Yes. So, so, so one of the questions that you asked me was what do I think is like undervalued in science? And so I was thinking that having a very good functional state of the art to code, say, for example, doing molecular dynamic simulations or doing cryo EM. So is, and I think that's undervalued. I think it's undervalued in terms of like publications because basically if you publish, so, okay, the first version of the code you can publish in a very, like, good journal. But then say version 5, Not really that much. And keep maintaining it. It requires tons of human power updating it. Like all of the, you need a really a team of people that are software engineers that can take care of your code. And I think that that in science is not so much appreciated. Like you can't, you can't go to a university and say, okay, I'm going to apply for tenure track. And my objective is to maintain this code. I think that's rare. But we need good codes. We need good codes to do our simulations, to analyze our data. Everything is codes nowadays. And so I think it should be more appreciated.

Milosz: 23:46

Yeah, that's very true. I'm thinking of I often talk to people from GROMACS and I'm really impressed by how they managed to secure the funding to have the right mix of people who are developers, GPU experts. actual biophysicists who know what methods have to be implemented. And that's, that's a huge, huge collaborative project that has been going on for many years and it's not very frequent.
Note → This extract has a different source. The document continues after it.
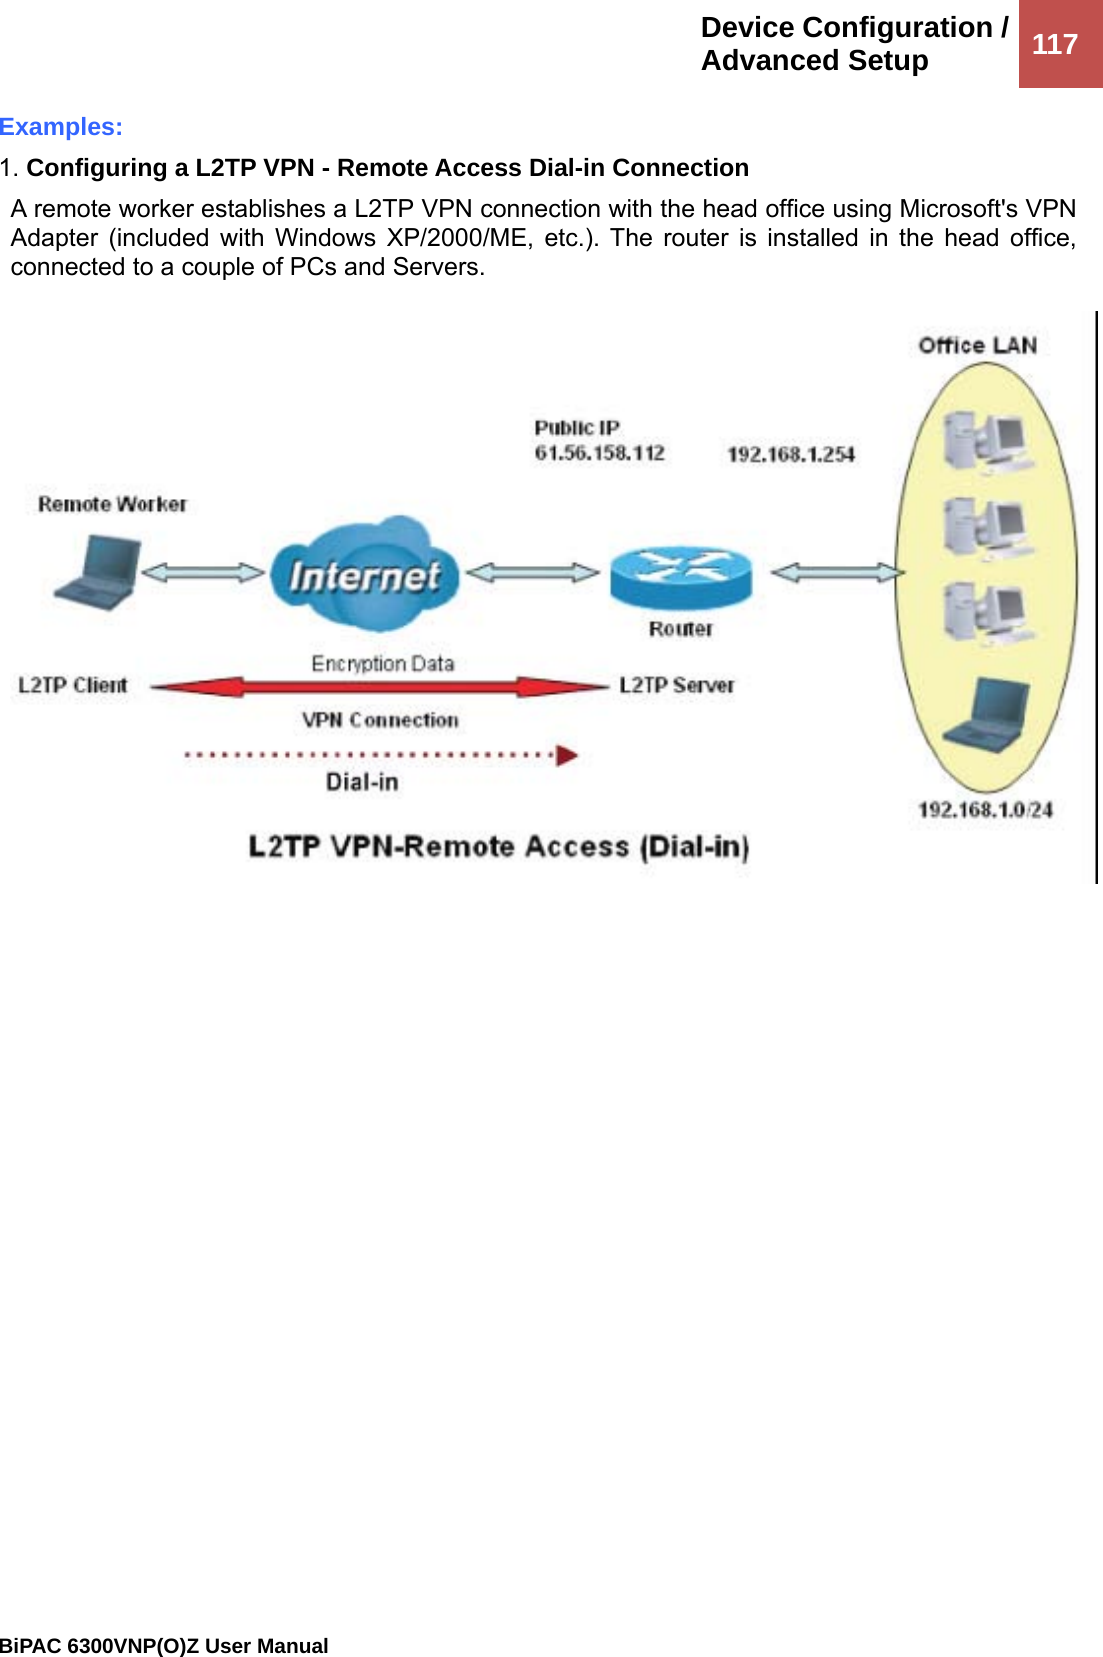 Device Configuration /Advanced Setup  117                                                BiPAC 6300VNP(O)Z User Manual  Examples: 1. Configuring a L2TP VPN - Remote Access Dial-in Connection A remote worker establishes a L2TP VPN connection with the head office using Microsoft&apos;s VPN Adapter (included with Windows XP/2000/ME, etc.). The router is installed in the head office, connected to a couple of PCs and Servers.   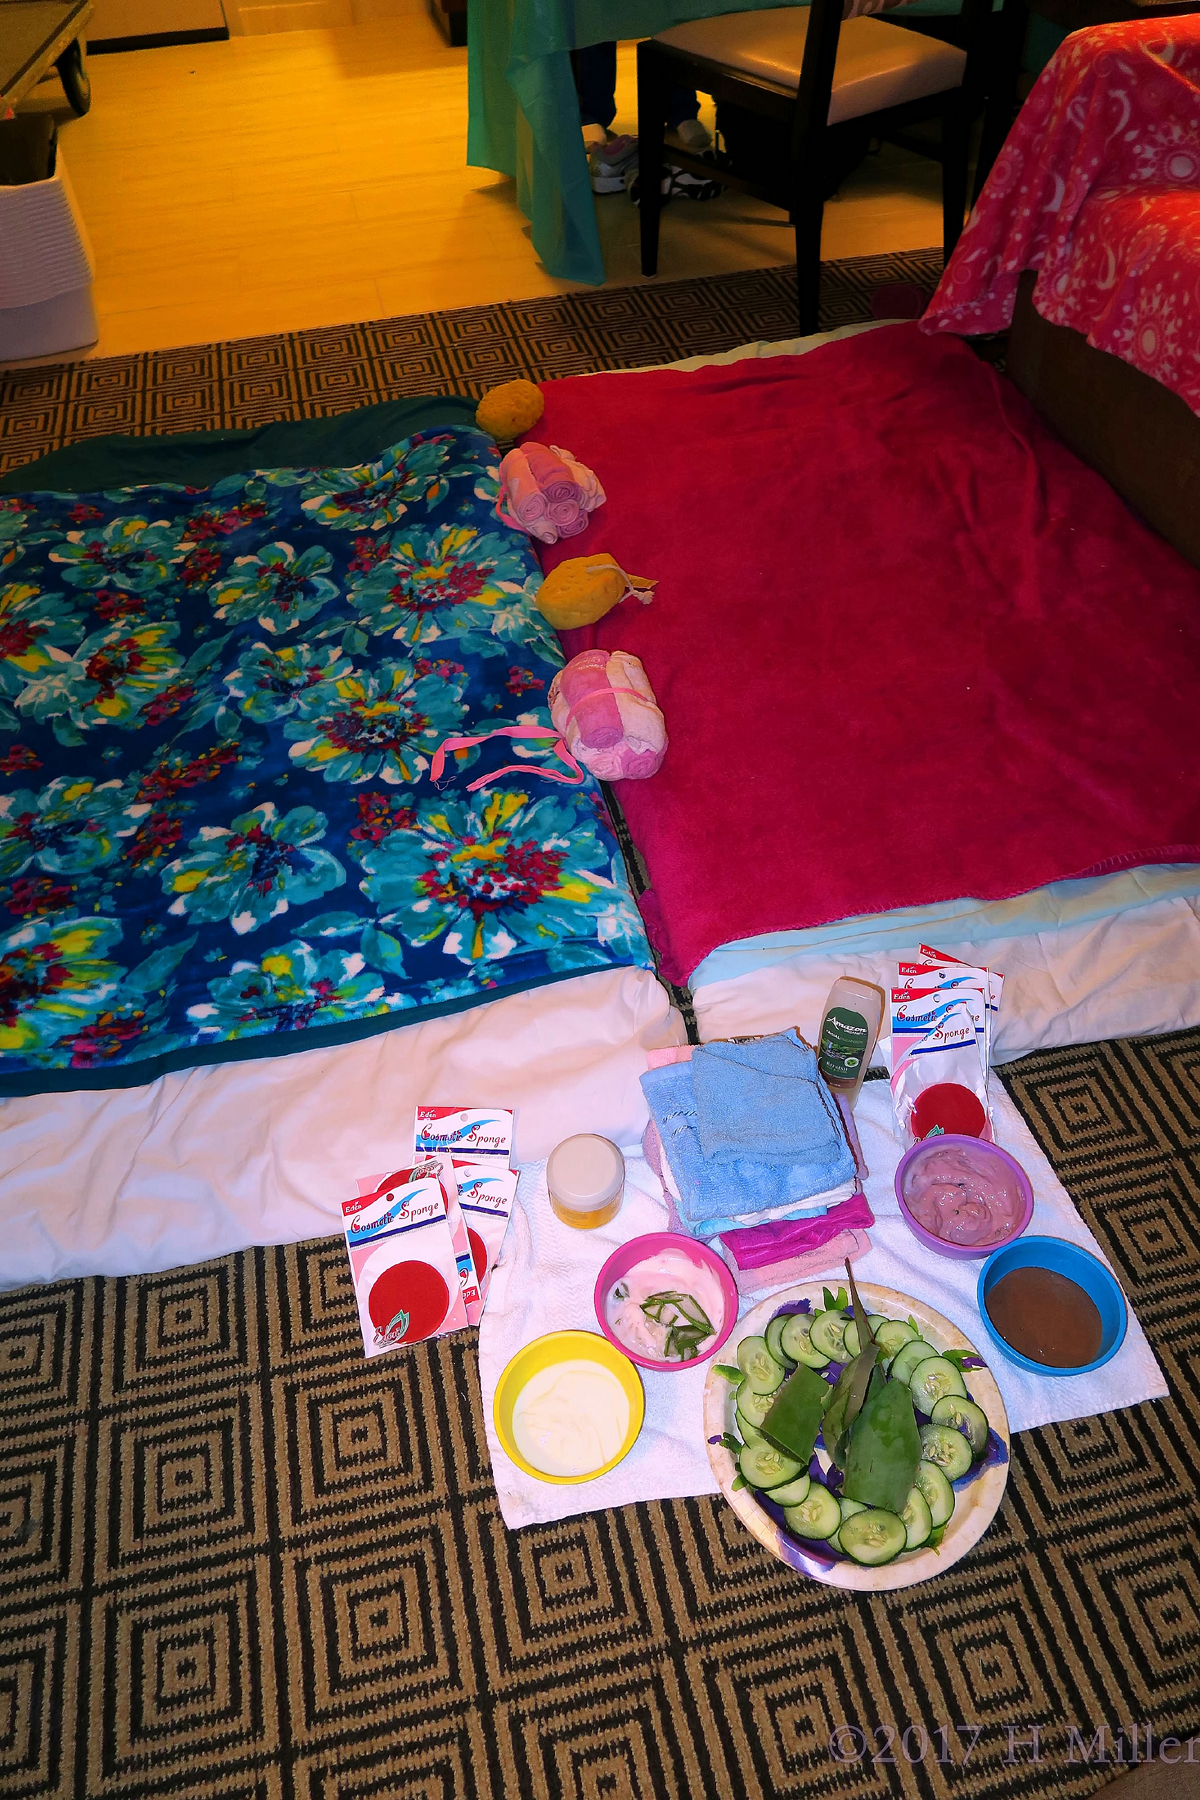 The Kids Facials Ingredients And Area Ready For Spa Treatments.

Although I'm really, I really think that projects like this should be just like they do it. So long standing, longterm projects that create a sort of standard in the community, right? Because there's also the danger of. Having a lot of small codes that will have each one their own bugs. Exactly. Each

Pilar: 24:29

one their maintenance issues. The code that only this, you and three others understand. And the other one just, then there's another code that does very similar stuff. Yes, I

Milosz: 24:39

agree. And you have to actually write to the developer to understand the reason why this error is coming up. Yes, we've all been there. But I think, well, I think at least the popularization of GitHub, GitLab, has made it so much easier to maintain code, because I don't know about your experience, but I'm often so frustrated by finding out that there is a web server that was released five years ago, and you try to go to the website and it's not there anymore, and the code is nowhere to be found. Yes so at least, I think these days it's better in the sense that at least you can download the codes. Maybe you can even download, I don't know, Python version 2. 3 on a 32 bit machine and still make it work somehow.

Pilar: 25:25

Yes. No, I agree. I think GitHub, GitHub is great. Yes.

Milosz: 25:29

Yeah. But that's also the human side, as you say. So people who have to keep things working and. I know that for many labs it has been a funding issue, as you say. So, you get funding for two years to develop the next version, but then the funding goes away and nobody is there to take care of it. So, I don't know, I think I've been following the European legislation at least, and they try to identify those long standing collaborations that have to be maintained. I don't know if the US also has some explicit plans to, do that.

Pilar: 26:02

Yes, I think there are some grants that are specialized for code development and code maintenance, but it's not trivial to get these, yeah.

Milosz: 26:13

Okay, yeah, so again, mostly affecting the biggest labs. Yes with the biggest impact, which is, well, still good, but not perfect. No, I agree, I do my own code development in my free time. And I always think my code is under tested under documented So, thank you so much for your time, for your insights and comments. It

Pilar: 26:37

was great speaking to you. Thanks for agreeing

Milosz: 26:40

to be one of the earliest guests on the Phase Space Invaders podcast.

Pilar: 26:45

Okay. Thank you.

Milosz: 26:47

Thanks a lot, Pilar. Pilar Cossio. Have a great day and thank you for, joining us.

26:53

Thank you for listening. See you in the next episode of Face Space Invaders.